Problem
Production deployment health check times out after 600 seconds, but Development deployment succeeds with identical code and config.
- Deployment: prod-agent
- Workspace: Workspace 1
- LangGraph API version: 0.7.72
- Banner: “This deployment is using our new and improved architecture”
What works
- Development deployment deploys successfully with full config (auth, custom HTTP app, middleware)
- Server starts cleanly, warmup completes in ~8s, total startup ~28-42s
/okendpoint is served and responsive- No crashes, no restarts
What fails
- Production deployment: “Timeout: New revision health check did not succeed after 600 seconds”
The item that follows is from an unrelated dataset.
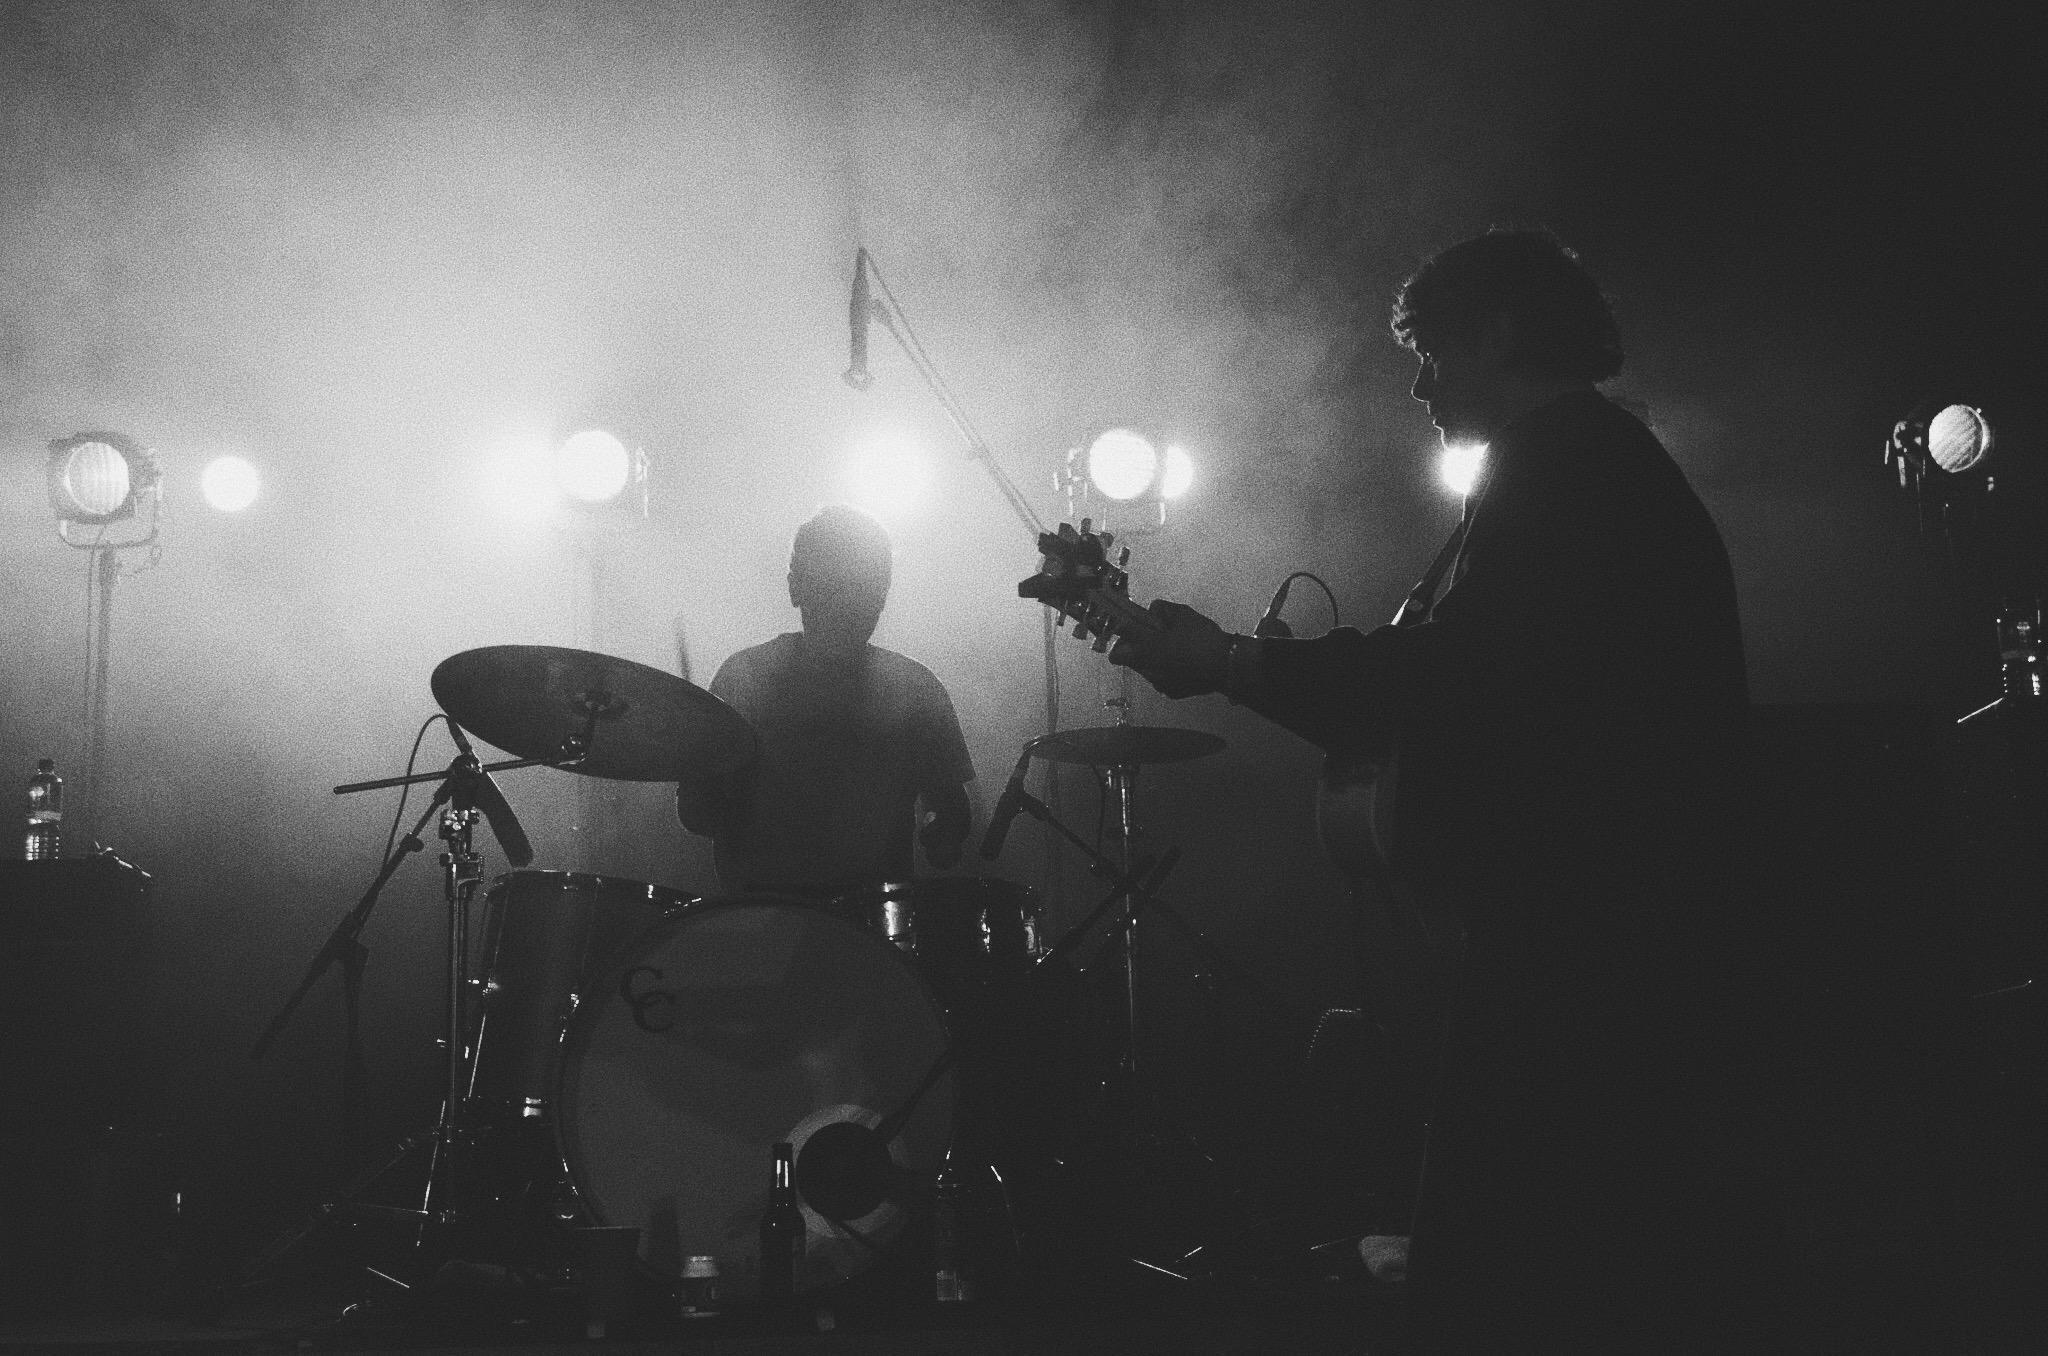 dmas music live review melbourne photo credit ryley clarke savage thrills savagethrills 2

- Even with ALL custom code removed (no auth, no middleware, no custom HTTP app, single graph), Production still fails
- Redis connection errors seen in Production logs:
redis: connection pool: failed to dial after 5 attempts: dial tcp 192.168.28.161:6379: connect: connection refused
redis: connection pool: failed to dial after 1 attempts: dial tcp 192.168.28.161:6379: i/o timeout
What we tested
- Removed custom auth — still fails on Prod
- Removed custom HTTP app/middleware — still fails on Prod
- Removed all graphs except one — still fails on Prod
- Stripped to hello_world graph with zero deps — still fails on Prod
- Pinned base image to 0.7.69 — still fails on Prod
- Created brand new Production deployment — still fails
- Development deployment with full config — works
Server logs (Production)
Server starts normally, all health checks served, but revision never marked healthy:
Application started up in 25.530s
Uvicorn running on http://0.0.0.0:8000 (Press CTRL+C to quit)
Then Redis fails:
redis: connection pool: failed to dial after 5 attempts: connect: connection refused
Request
The Production deployment infrastructure appears to have a Redis provisioning issue on the “new architecture.” Can you investigate the Redis connectivity for our Production deployment?